▸ **Exercise**
Output the data below exactly, without images.

▸ **Recorded information**
-------

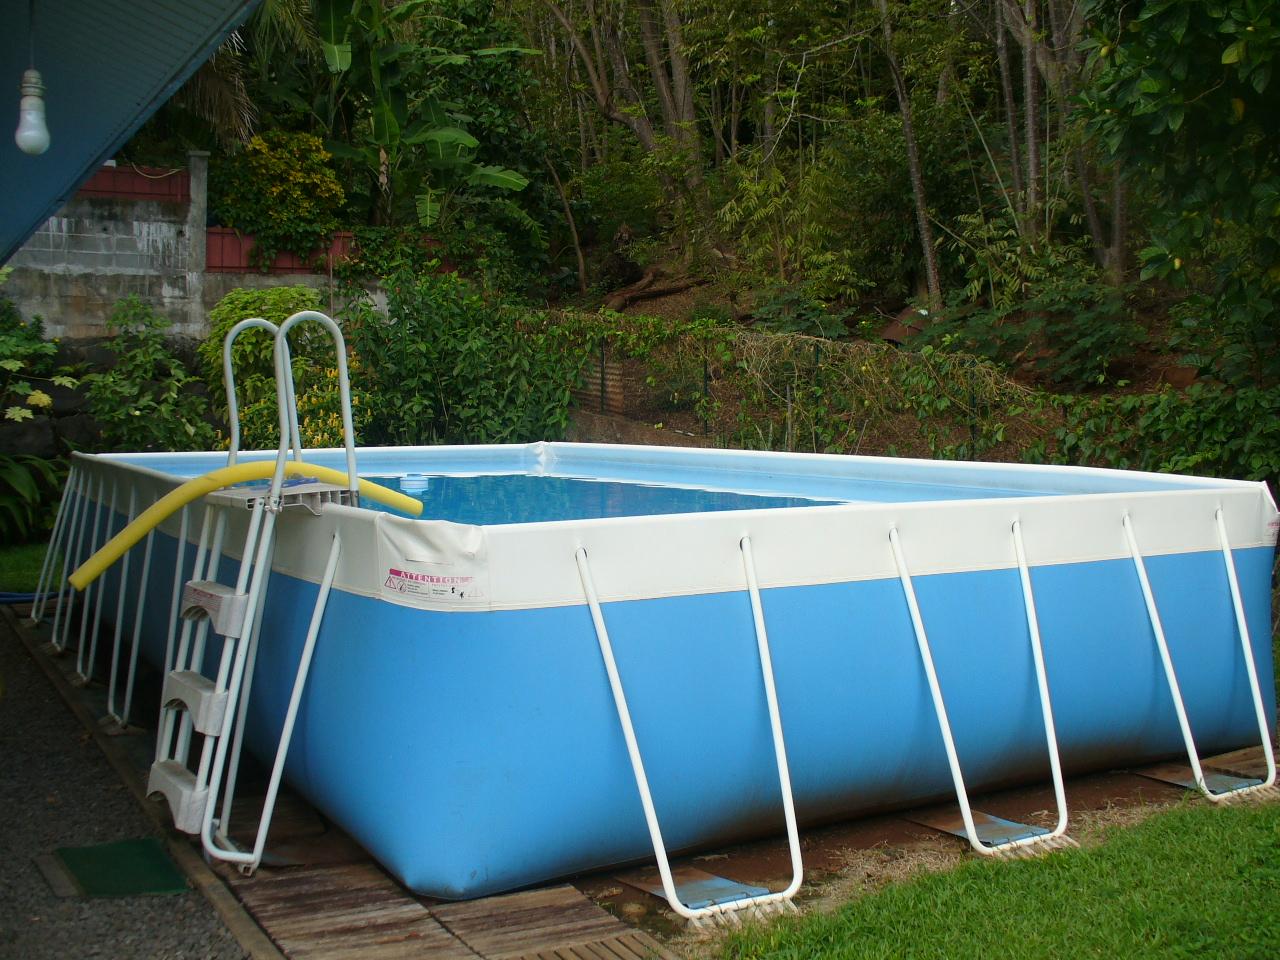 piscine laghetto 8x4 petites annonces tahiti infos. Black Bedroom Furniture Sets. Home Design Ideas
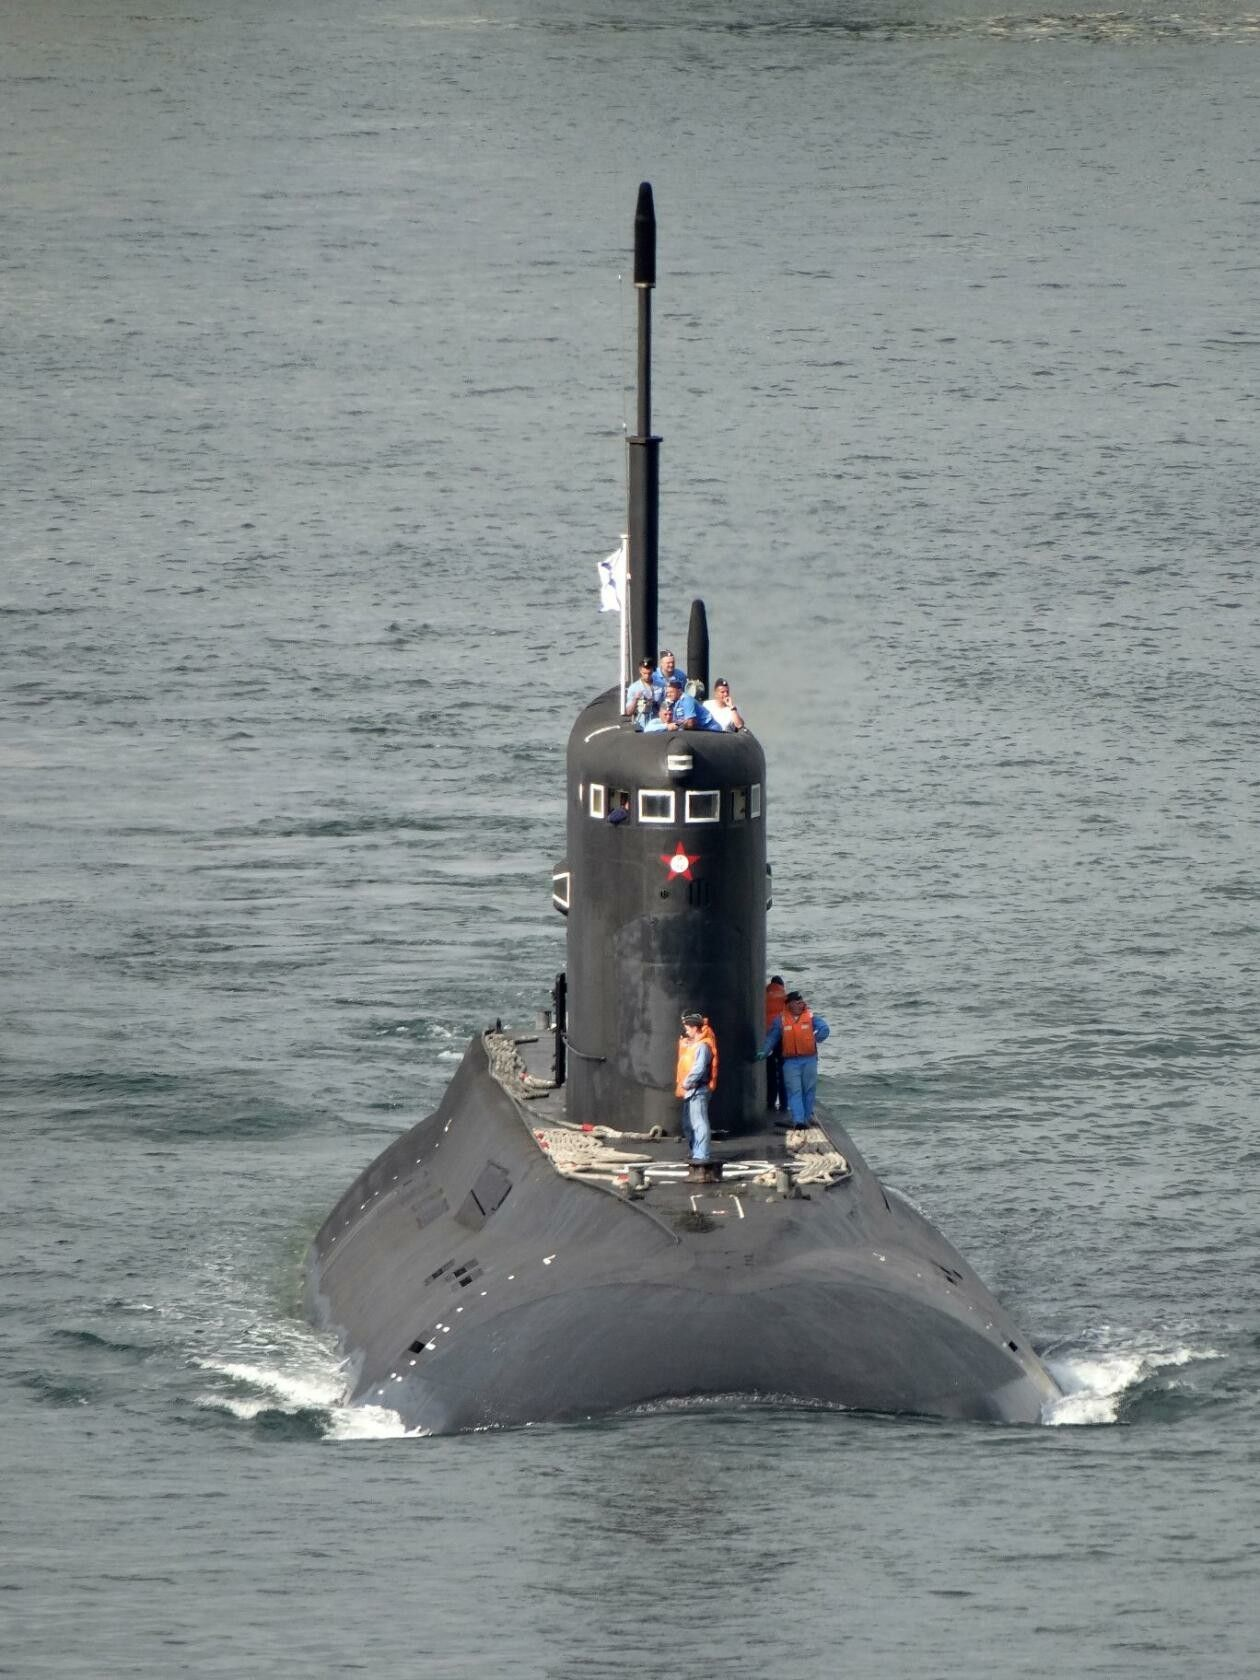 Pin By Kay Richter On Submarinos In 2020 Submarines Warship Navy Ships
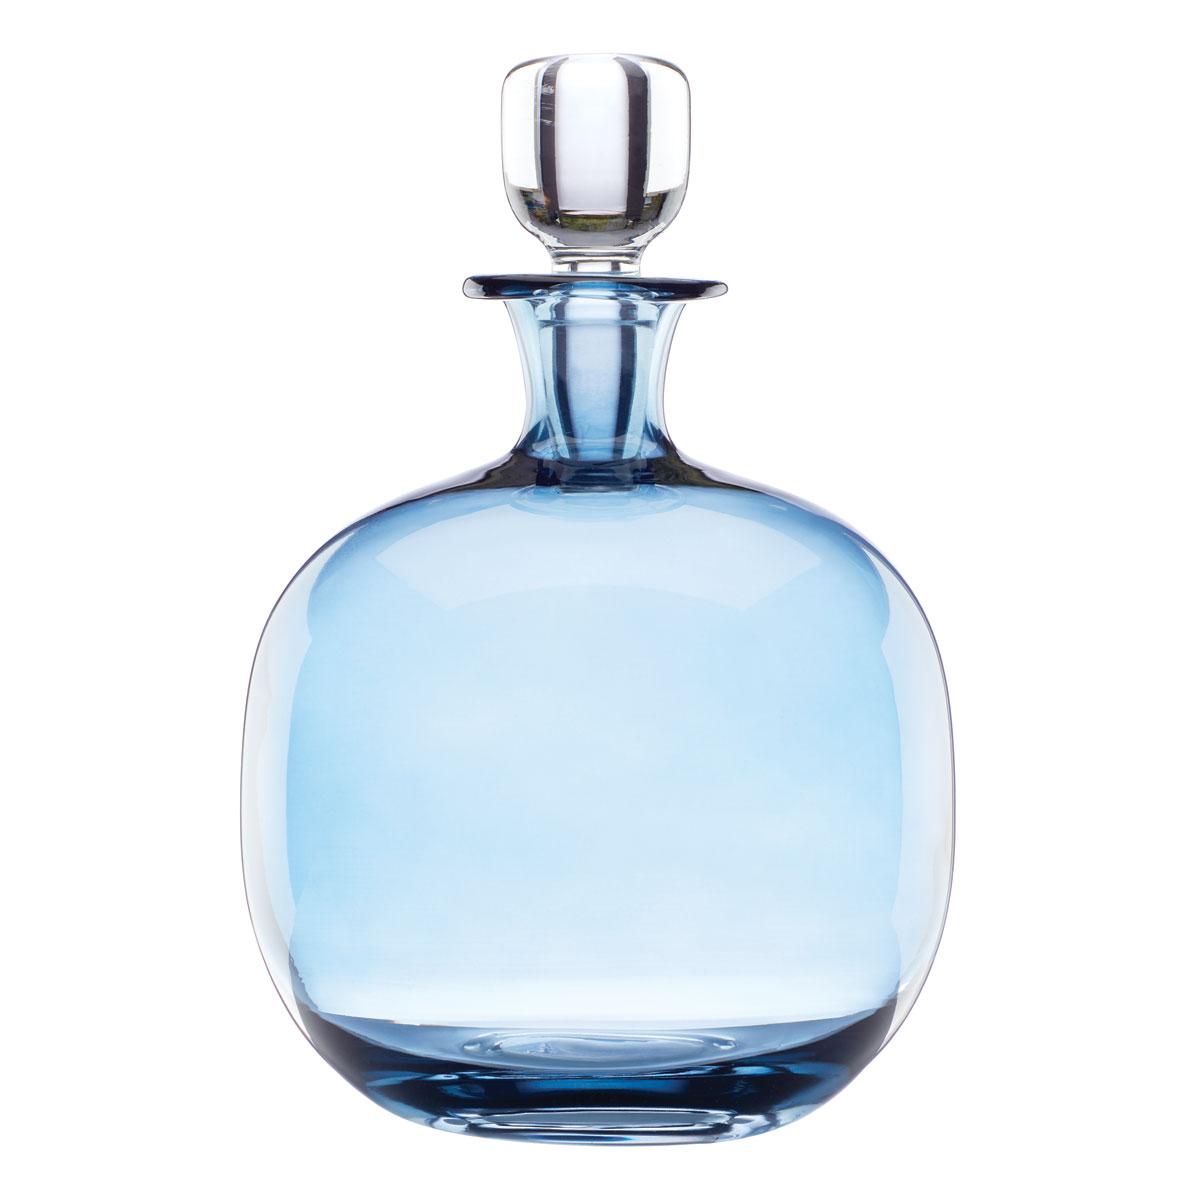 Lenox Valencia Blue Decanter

-------

▸ **Exercise response**
 piscine laghetto 8x4 petites annonces tahiti infos. Black Bedroom Furniture Sets. Home Design Ideas
 Pin By Kay Richter On Submarinos In 2020 Submarines Warship Navy Ships
 Lenox Valencia Blue Decanter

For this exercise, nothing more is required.